:: DATA FOR THE TASK ::
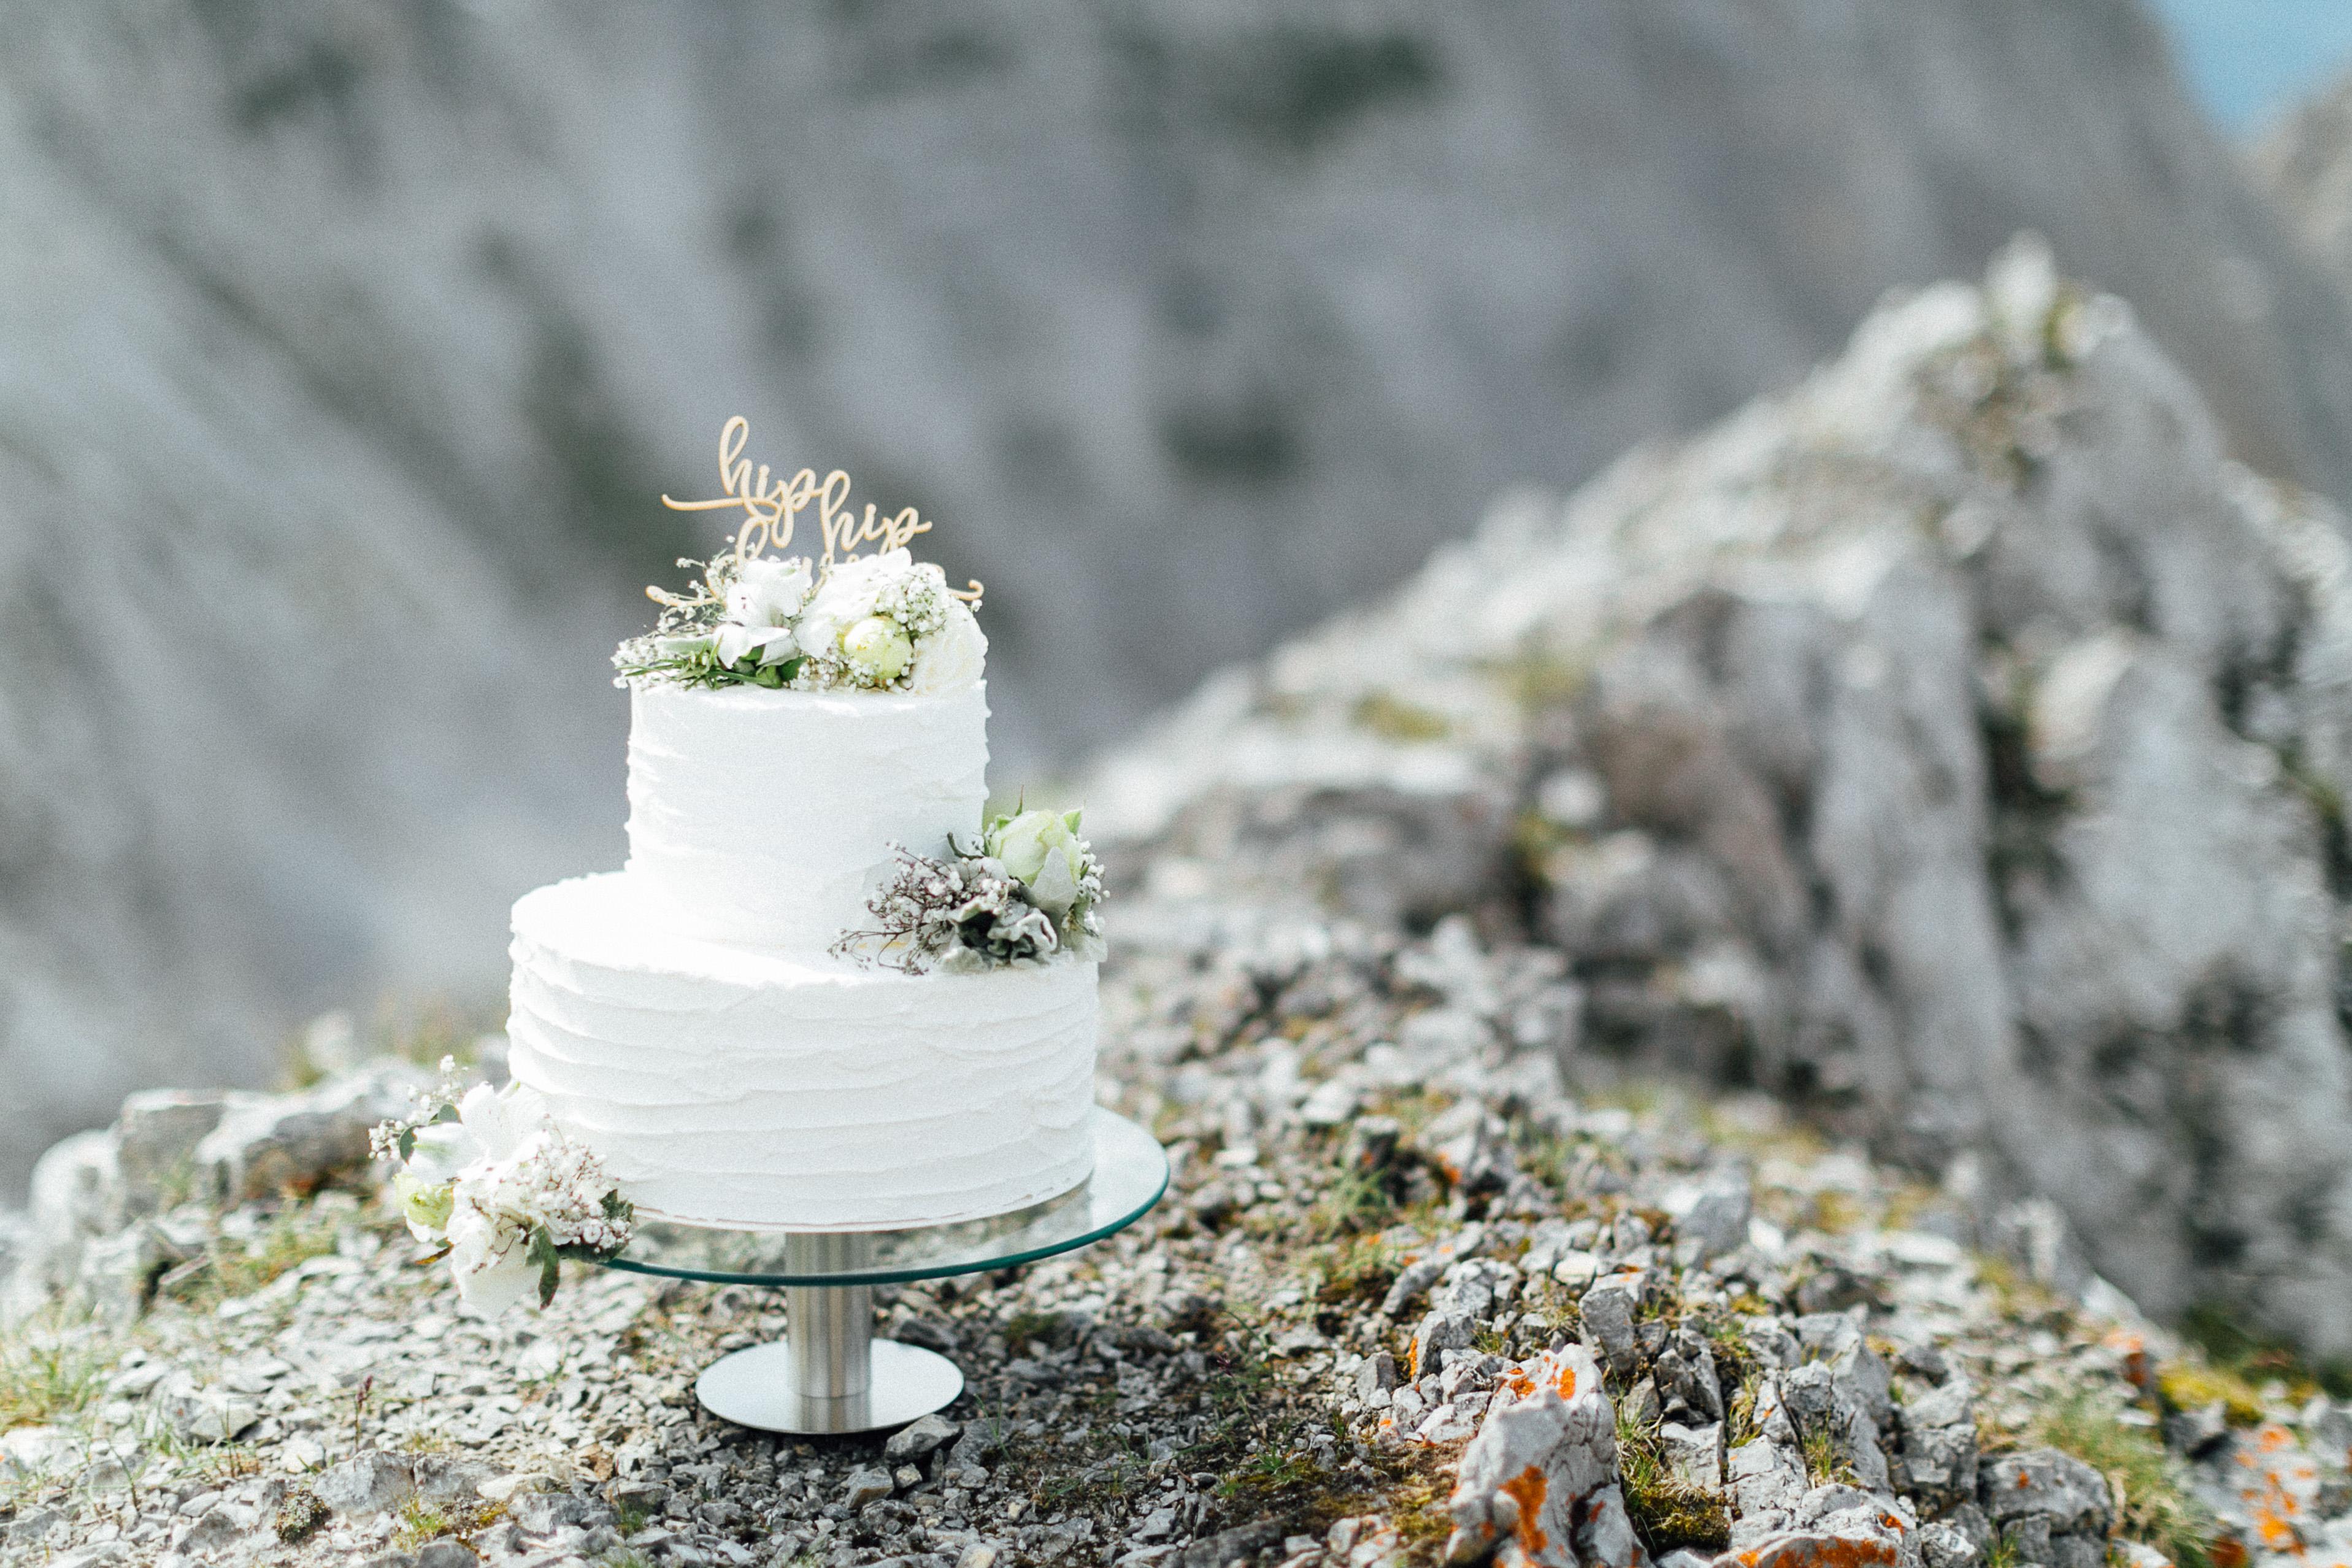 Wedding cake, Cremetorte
:::
:: DATA FOR THE TASK ::
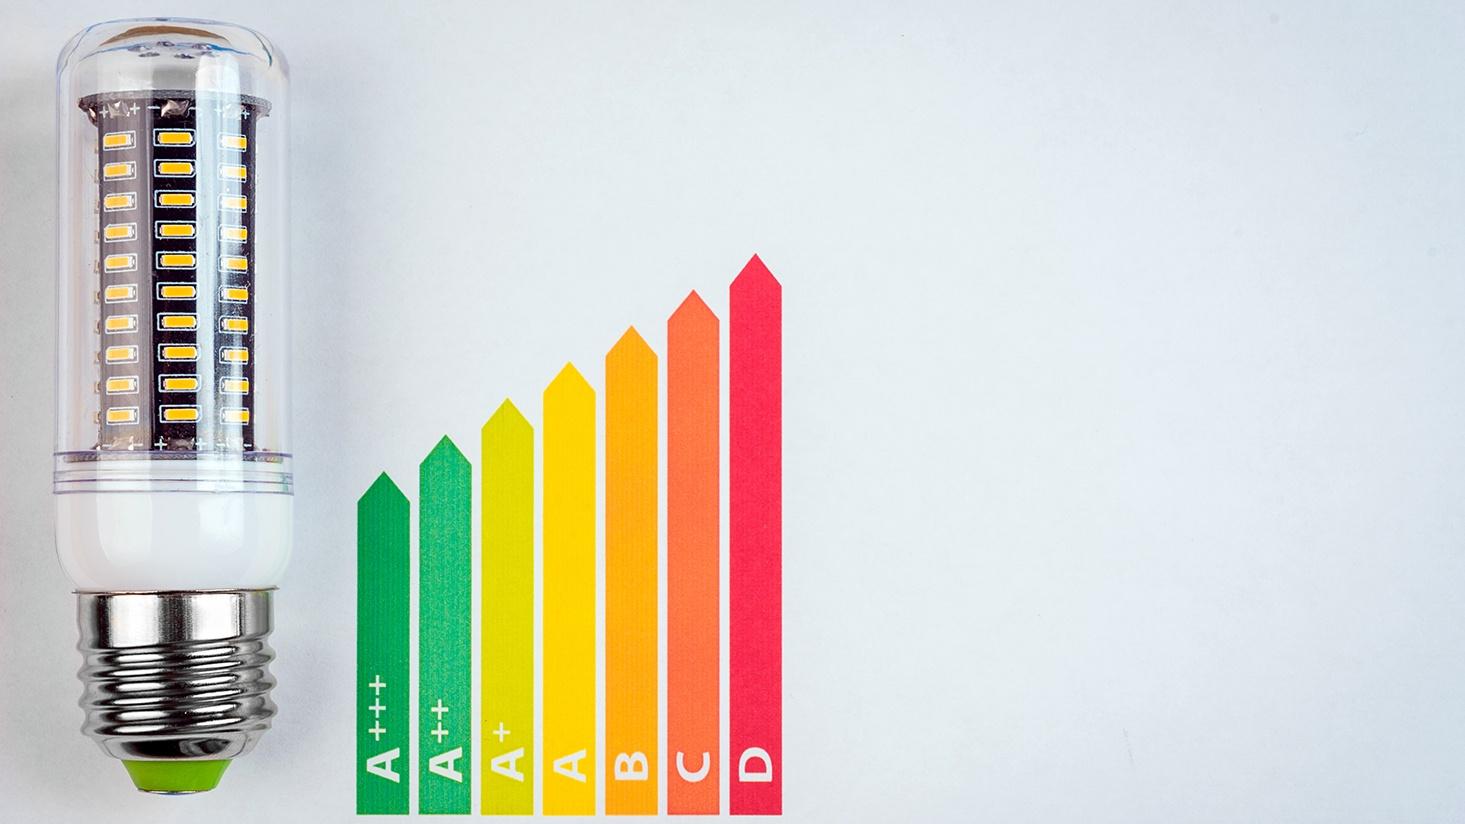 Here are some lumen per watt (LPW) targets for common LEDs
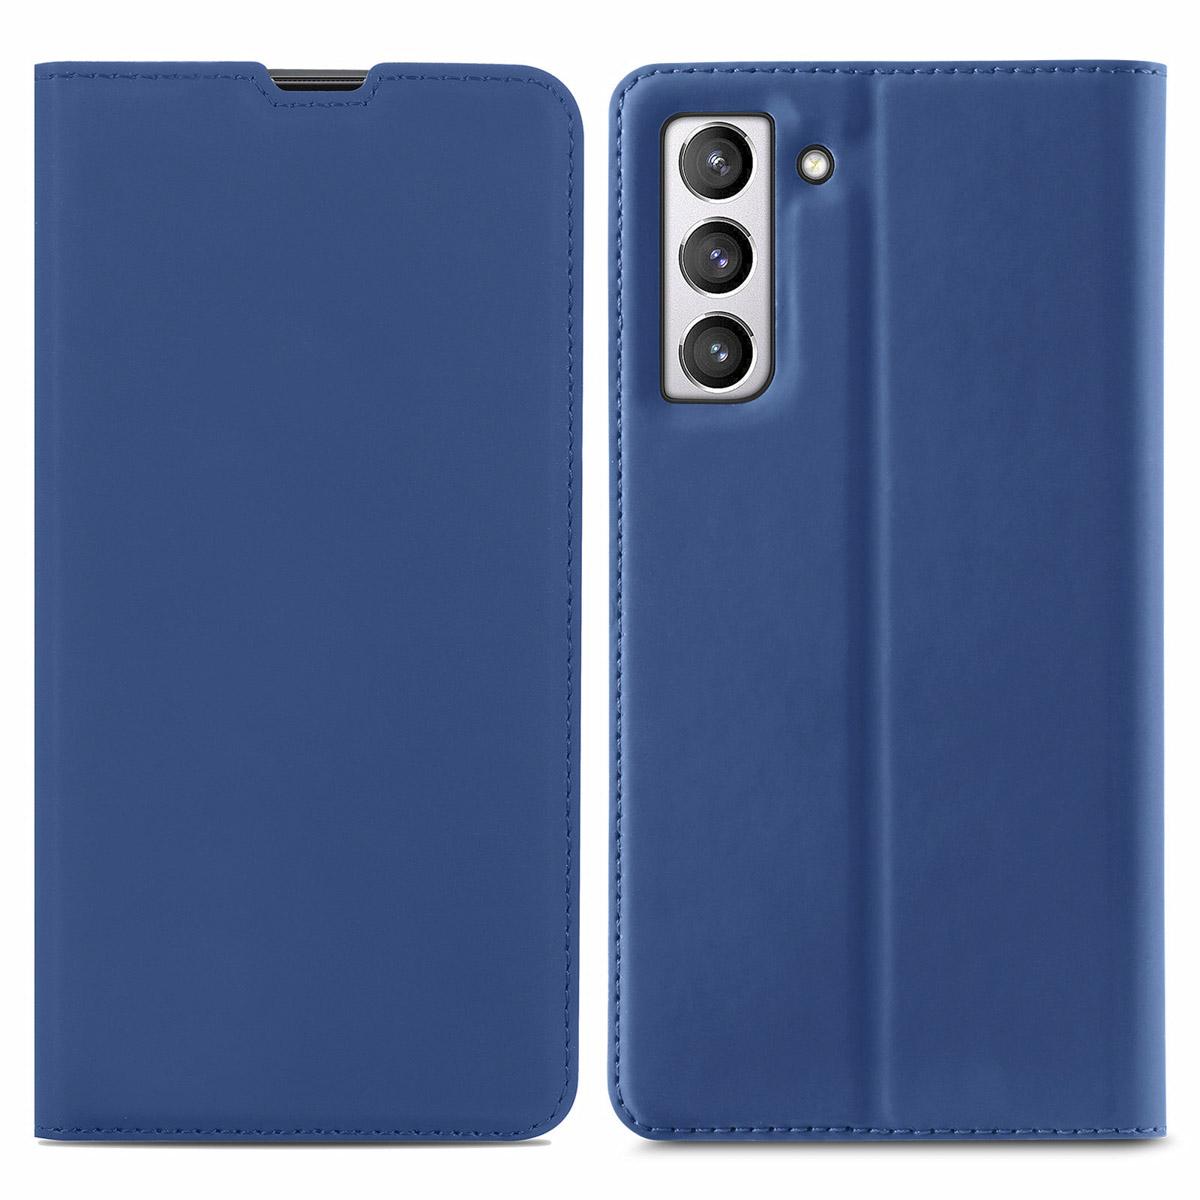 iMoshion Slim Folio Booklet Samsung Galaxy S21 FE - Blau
:::
:: DATA FOR THE TASK ::
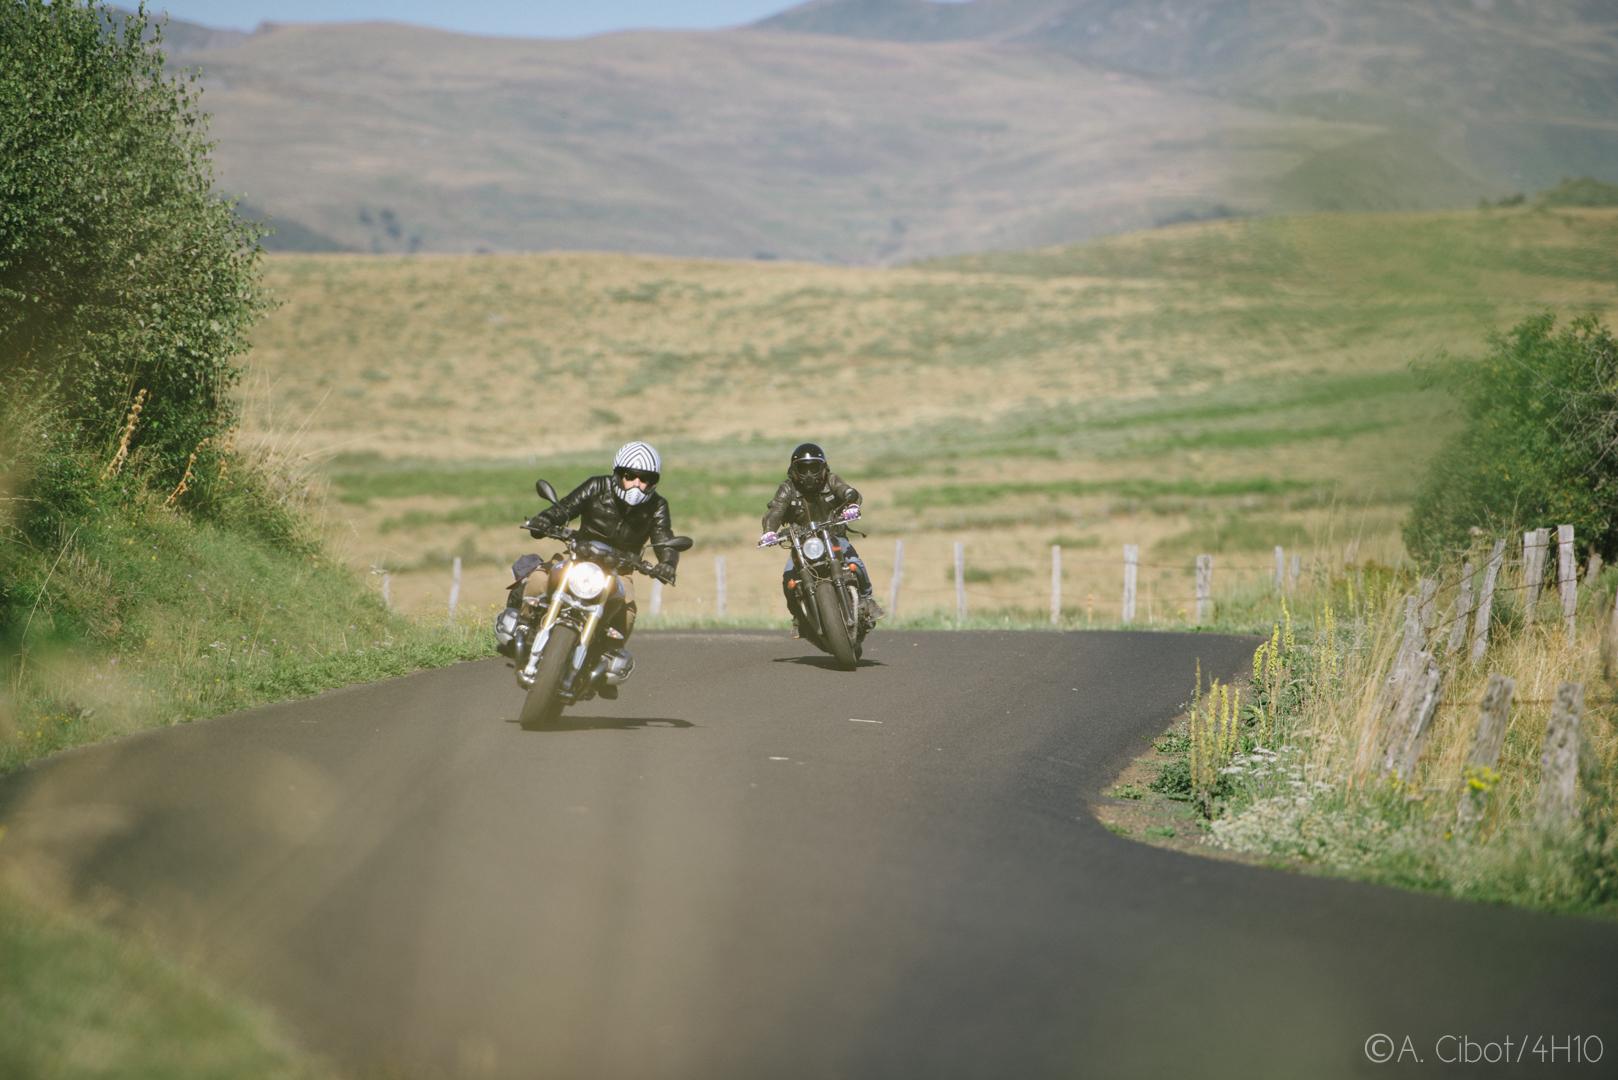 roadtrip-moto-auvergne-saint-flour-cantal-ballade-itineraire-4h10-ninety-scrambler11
:::
WHAT YOU ARE ASKED TO DO: Starting at the line above that holds "Here are some", repeat every line exactly down to and including the line that holds "iMoshion Slim Folio", then stop. Do not carry over any pictures.

RESULT BELOW:
 Here are some lumen per watt (LPW) targets for common LEDs
 iMoshion Slim Folio Booklet Samsung Galaxy S21 FE - Blau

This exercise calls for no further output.